A basis for the Hilbert space $A \otimes B$ could be written :
$$|e_{i_1 i_2}\rangle = |e_{i_1}\rangle \otimes |e_{i_2}\rangle \tag{1}$$
We may user the notation $I$ representing a composite index : $ I = (i_1 i_2)$, so that $|e_{I}\rangle = |e_{i_1}\rangle \otimes |e_{i_2}\rangle $
The density matrix could be written :
$$\rho_{I'I} = \rho_{ \large (i'_1 i'_2)(i_1 i_2)} \tag{2}$$
For instance, the action of the density matrix on a state $|\psi \rangle = \sum_{i_1,i_2} \psi_{i_1 i_2} |e_{i_1 i_2}\rangle$ is $|\psi' \rangle = \rho |\psi \rangle$, that is ${\psi'}_I{'} = \sum_{I} \rho_{I'I} \psi_I$ ,or, in a more detailed way :
$${\psi'}_{i'_1 i'_2} = \sum_{i_1,i_2} \rho_{ \large (i'_1 i'_2)(i_1 i_2)} \psi_{i_1 i_2} \tag{3}$$
The partial trace on system $(2)$, that we called $\rho_1$, is defined by :
$$(\rho_1)_{i_1' i_1} = \sum_{i_2}\rho_{ \large (i'_1 i_2)(i_1 i_2)} \tag{4}$$
Now, we may write $\rho_{I'I} = \langle e_{I'}|\rho|e_{I}\rangle$, that is : $$\rho_{ \large (i'_1 i'_2)(i_1 i_2)} = \langle e_{i'_1 i'_2}|\rho |e_{i_1 i_2}\rangle = ( \langle e_{i'_1}| \otimes \langle e_{i'_2}|) ~~\rho ~~(|e_{i_1}\rangle \otimes |e_{i_2}\rangle) \tag{5}$$
So, finally, we may write :
$$(\rho_1)_{i_1' i_1} = \sum_{i_2} \langle e_{i'_1 i_2}|\rho |e_{i_1 i_2}\rangle= \sum_{i_2} ( \langle e_{i'_1}| \otimes \langle e_{i_2}|) ~~\rho ~~(|e_{i_1}\rangle \otimes |e_{i_2}\rangle)\tag{6}$$
This is indeed slightly confusing.
It is probably a little bit easier to understand starting with the bra. If $\langle \varphi|$ is a bra in the $A$ side of an $\mathcal H_A\otimes \mathcal H_B$ tensor product, then it is a linear transformation from $\mathcal H_A$ into $\mathbb C$: $$\langle \varphi|:\mathcal H_A\rightarrow \mathbb C.$$ Similarly to operators $\hat V_A:\mathcal H_A\rightarrow \mathcal H_A$, when you want to talk about their action on the tensor product $\mathcal H_A\otimes \mathcal H_B$, you should always tensor-product them with an identity on the $B$ side. Thus, on the composite system, the usual convention is that $$\langle \varphi|\text{ is shorthand for }\langle\varphi|\otimes \mathbb I_B:\mathcal H_A\otimes\mathcal H_B\rightarrow \mathbb C\otimes\mathcal H_B=\mathcal H_B,$$ in the same way that $\hat V_A$ is shorthand for$\hat V_A \otimes \mathbb I_B:\mathcal H_A\otimes\mathcal H_B\rightarrow \mathcal H_A\otimes\mathcal H_B$.
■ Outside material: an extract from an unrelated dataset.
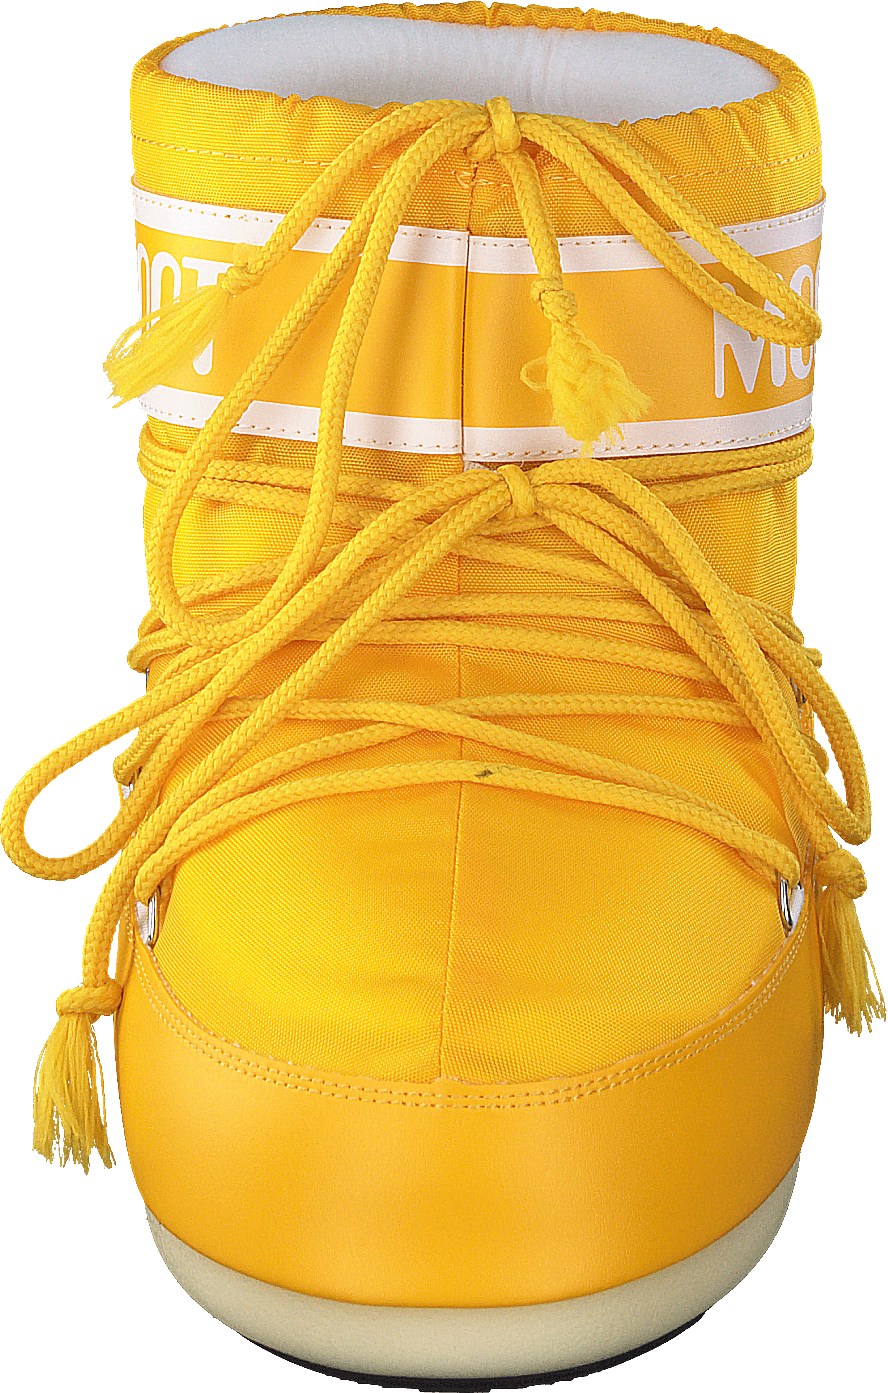 Moon Boot Yellow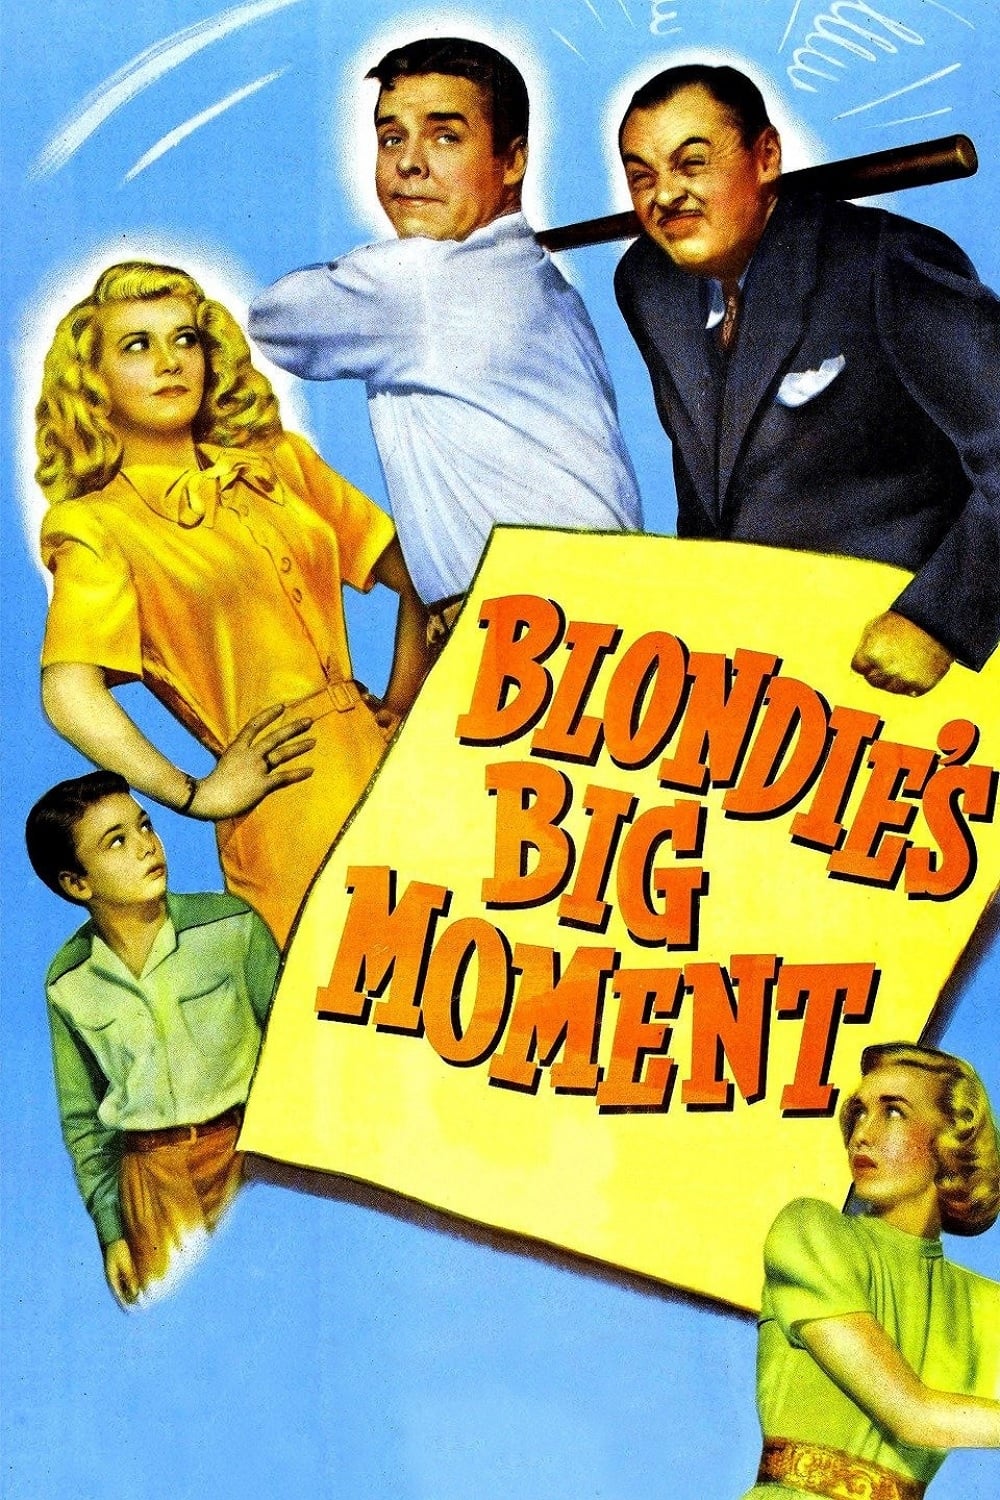 Blondie's Big Moment (1947)

In an analogous way, vectors in a single tensor factor must also be tensored with an identity on the rest (unless, of course, they're part of a proper tensor product with vectors on all factors, like $$|\varphi_A\rangle\otimes|\varphi_B\rangle\in \mathcal H_A\otimes\mathcal H_B.)$$ Thus, when doing a partial trace, the ket $|\varphi\rangle$ on the right is shorthand for $|\varphi\rangle\otimes \mathbb I_B$. It is slightly unnatural to see this as an operator but you can see it as going from $\mathcal H_B=\mathbb C\otimes \mathcal H_B$ into $\mathcal H_A\otimes\mathcal H_B$.
Thus, for a density matrix $\rho_{AB}:\mathcal H_A\otimes\mathcal H_B\rightarrow\mathcal H_A \otimes \mathcal H_B$, the partial trace over $A$ is a sum of terms of the form $$ \rho_B\sim \langle\varphi|\rho_{AB}|\varphi\rangle \text{ which is shorthand for } (\langle\varphi|\otimes\mathbb I_B)\rho_{AB}(|\varphi\rangle\otimes\mathbb I_B) ,$$ and is an operator on $\mathcal H_B$.